How to Mount Google Drive in Linux Using “Google Drive OCamlfuse” Client

Google Drive is a cloud storage service owned by Google Inc. Google Drive allows user to edit documents (including Spreadsheets and Presentations), share, synchronize and store in the cloud. It is free to use Google Drive and all you need is a Google/Gmail Account. Introduced in the year 2012, Google Drive presently have a total of 240 million+ monthly users.

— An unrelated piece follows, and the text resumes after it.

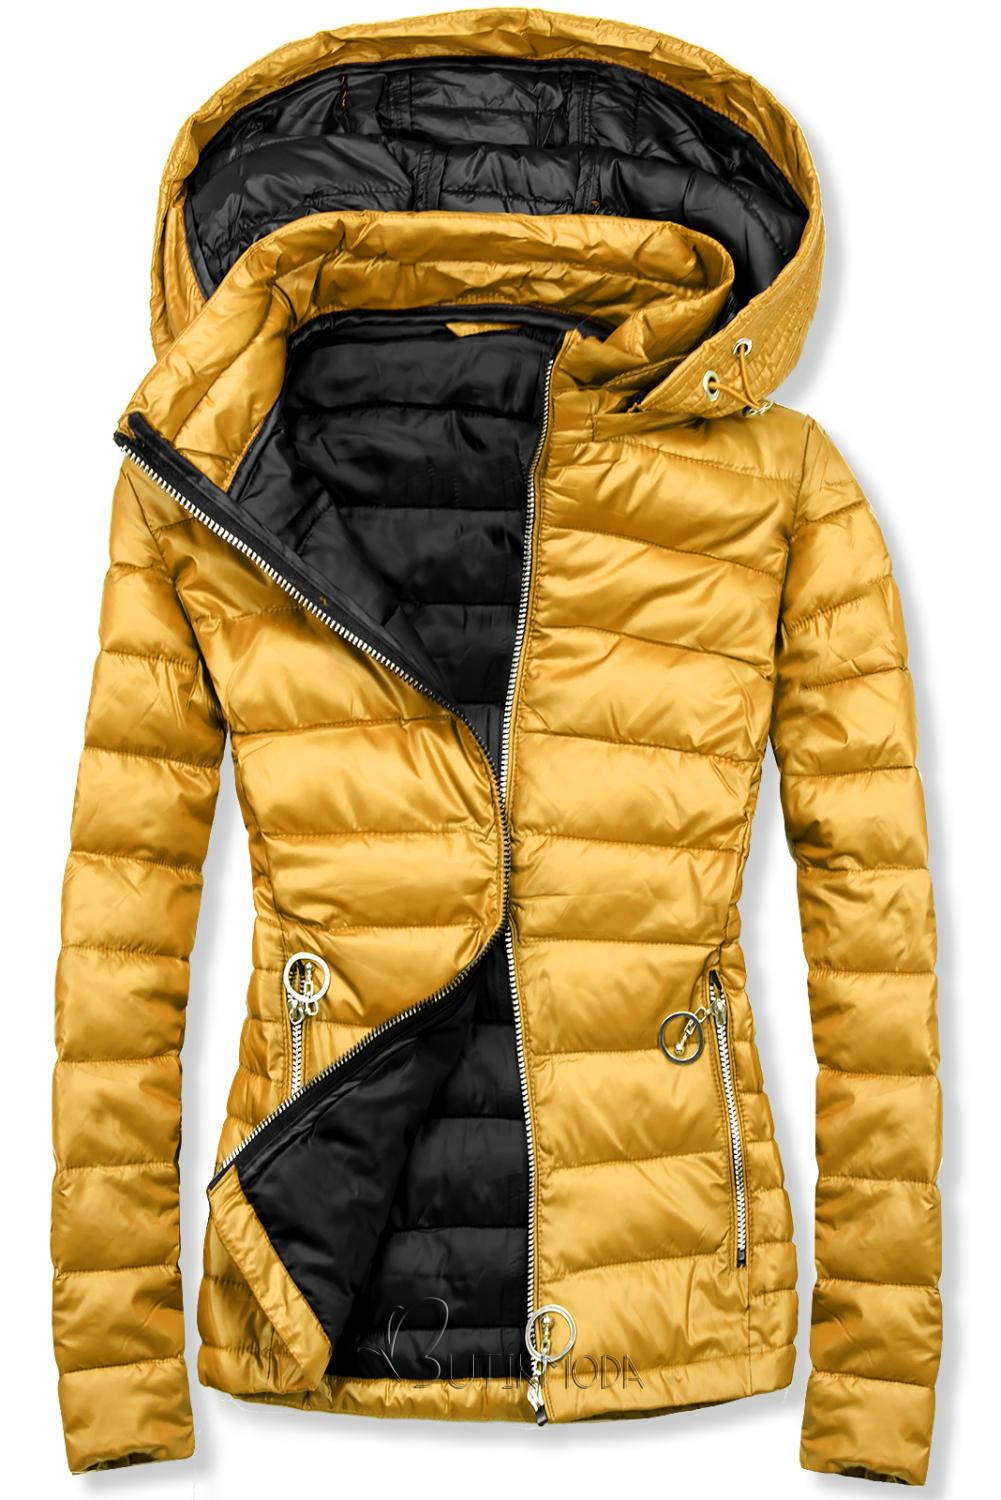 Sárga és fekete színű steppelt kabát

Technical aspects of Google Drive

  1. Google Offers initial 15GB of online storage for free that is used by Gmail, Google+ photos and Google Drive in combination.
  2. Post utilization of 15GB of online storage you can buy monthly subscription by paying a little amount and you can own a maximum of 30 TB space per account. However there is no limitation for the number of accounts you can own.
  3. Google Driver Viewer has support for viewing the file types for most of the formats.
  4. There are a number of Third-party apps that lets you access Google Drive. One such extension for Google Chrome will let you access Google Drive even when offline.
  5. Document Limit for Google Dock – A document must not exceed 1,024,000 characters regardless of font, page and size and should not exceed 50 MB.
  6. A spreadsheet must not be larger than 20 MB and a Presentation slide should be within 100 MB.

Why Prefer Google Drive over Traditional Storage

You need Google Drive because you need to have access to your documents, pictures, Spreadsheets, Presentation and other files all the time when required. You do not need to carry a physical hard Drive / USB flash Drive to carry files and hence there is no risk of losing your files.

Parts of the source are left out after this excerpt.